Whether or not writing our autobiography in our senior year was a part of the Cleveland Public School curricula, Mrs. Anderson did her own thing and threw the gauntlet down for her classes to write one. I think it was a great exercise. I wished I still had my paper/autobiography that I wrote, but it is long gone.
However, I do remember some main points I wrote about that have stuck with me all these years. One was to graduate college. I checked that box, thankfully. I wanted to marry and have children, and again, that box has been checked. The most interesting thing I remember is that if I played my cards correctly, I would end up in Washington D.C. and be asked to be an ambassador...to a country.

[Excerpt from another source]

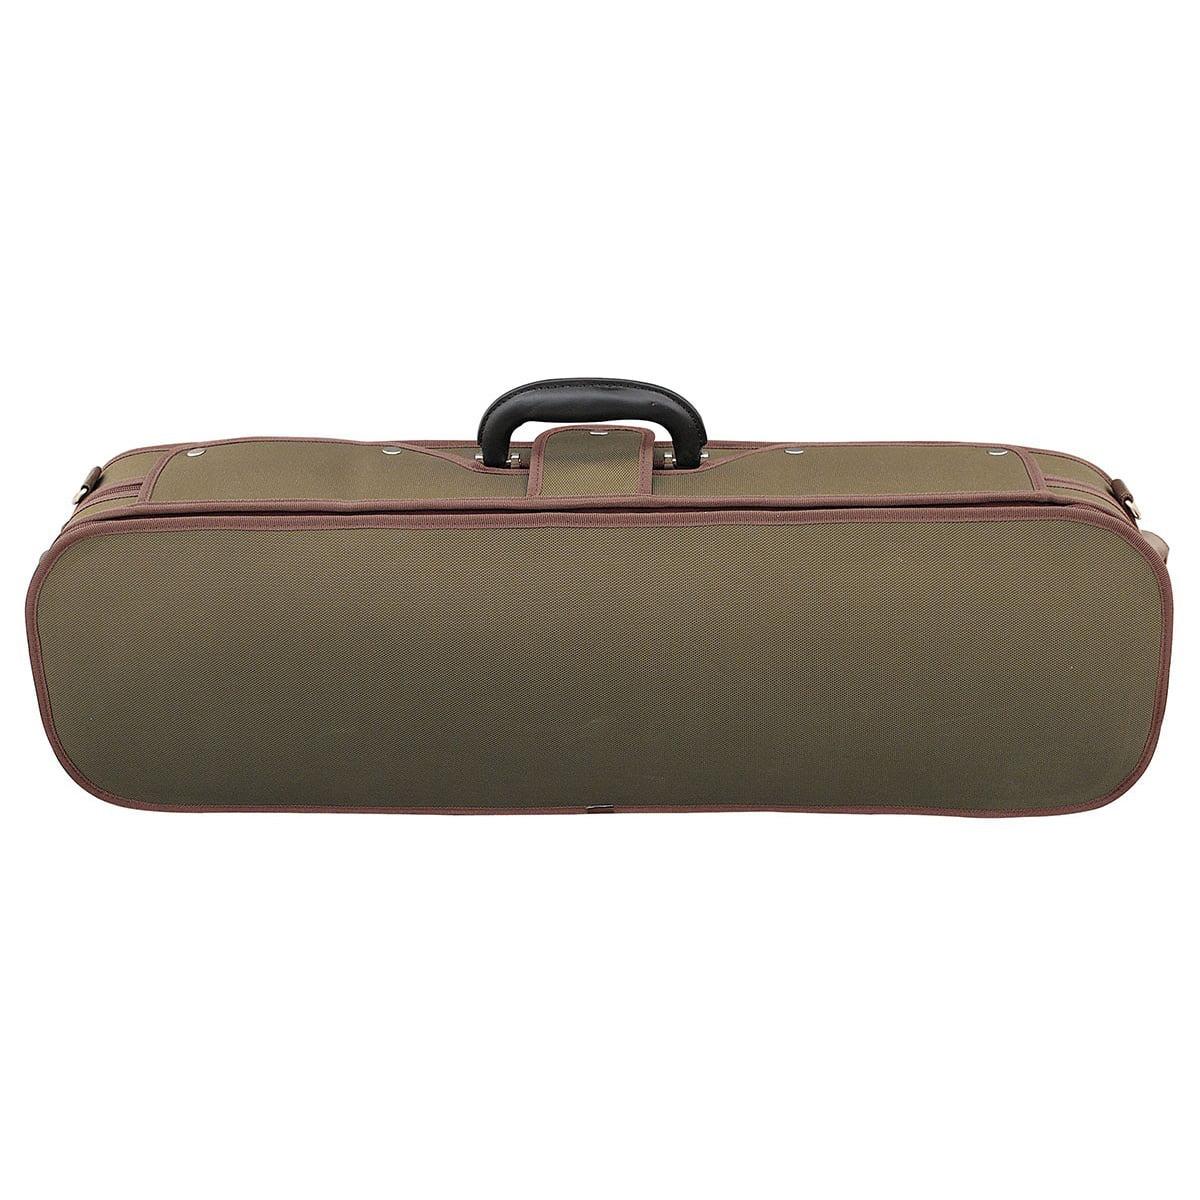 Hidersine Case Violin 4/4 Light Oblong VC802 Exterior
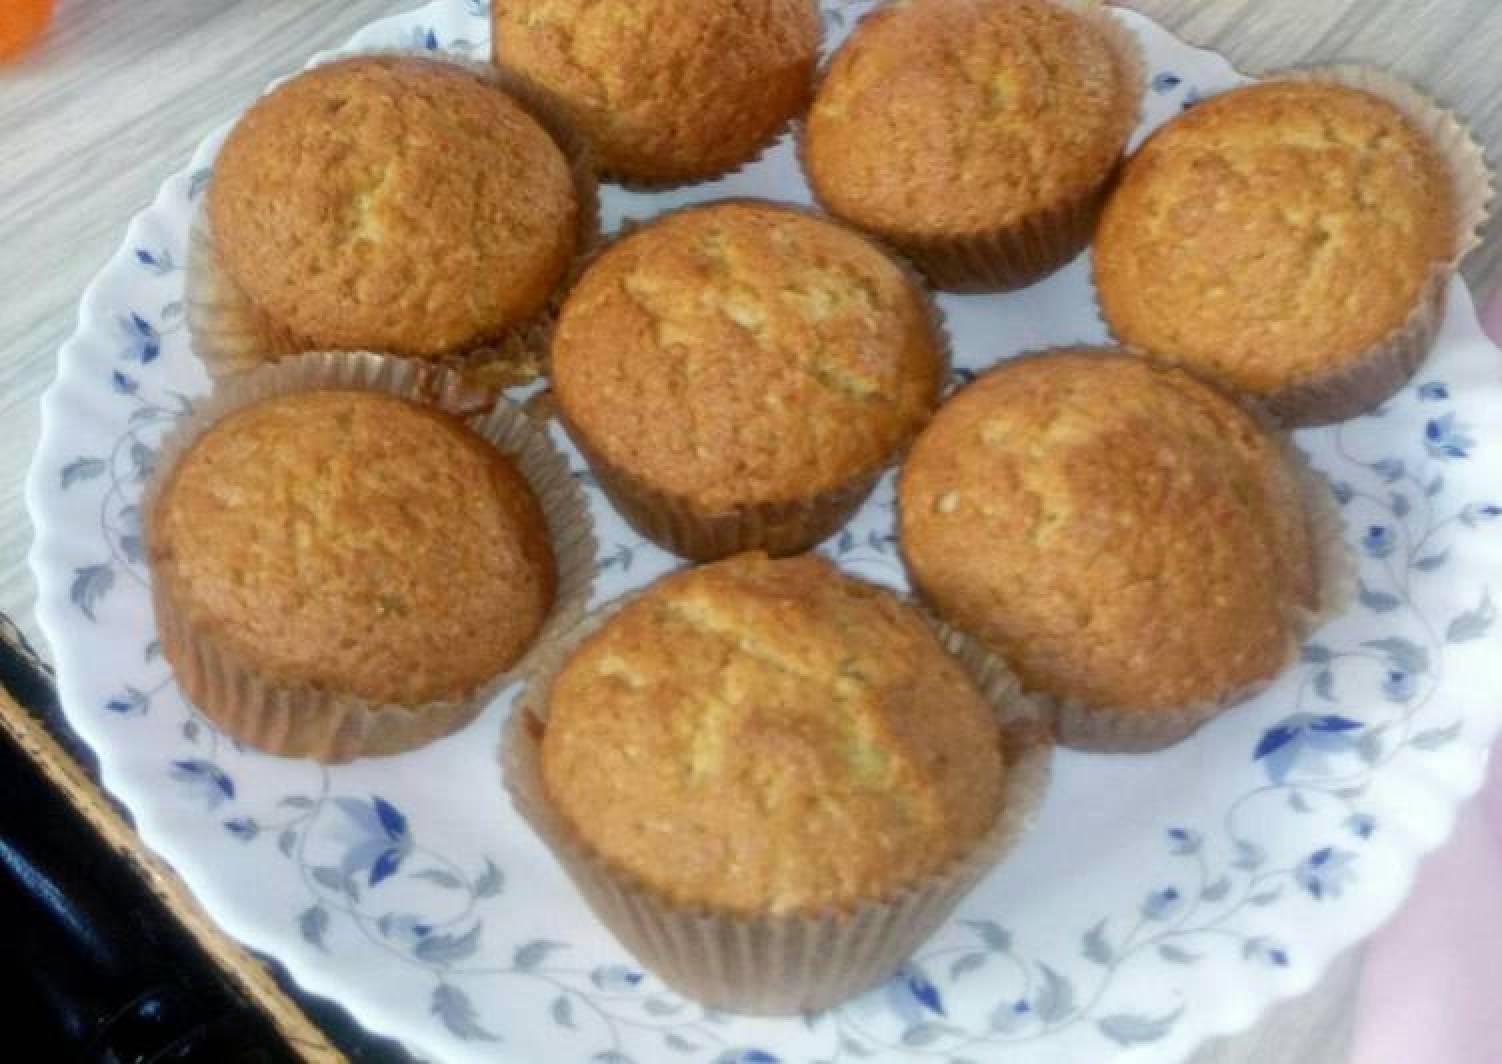 Sultanas/Raisins vanilla cupcakes

I know that is some cockamamie thinking, but I had dreams like any other kid. Ms. Magazine was out by then, and the sky was the limit for young girls to follow the path to do anything. If boys could be an ambassador, girls could too.
What I didn't fully realize then is that we can become an ambassador of a lot of other things in life. My hubby Bill is an ambassador of continued learning and kindness. So instead of having the dream of becoming an ambassador to some cool place like France or Italy, or Polska-Poland, I unbeknownst became an ambassador of parenting a childhood cancer kid/adult/survivor. I even wrote a book about it (grin).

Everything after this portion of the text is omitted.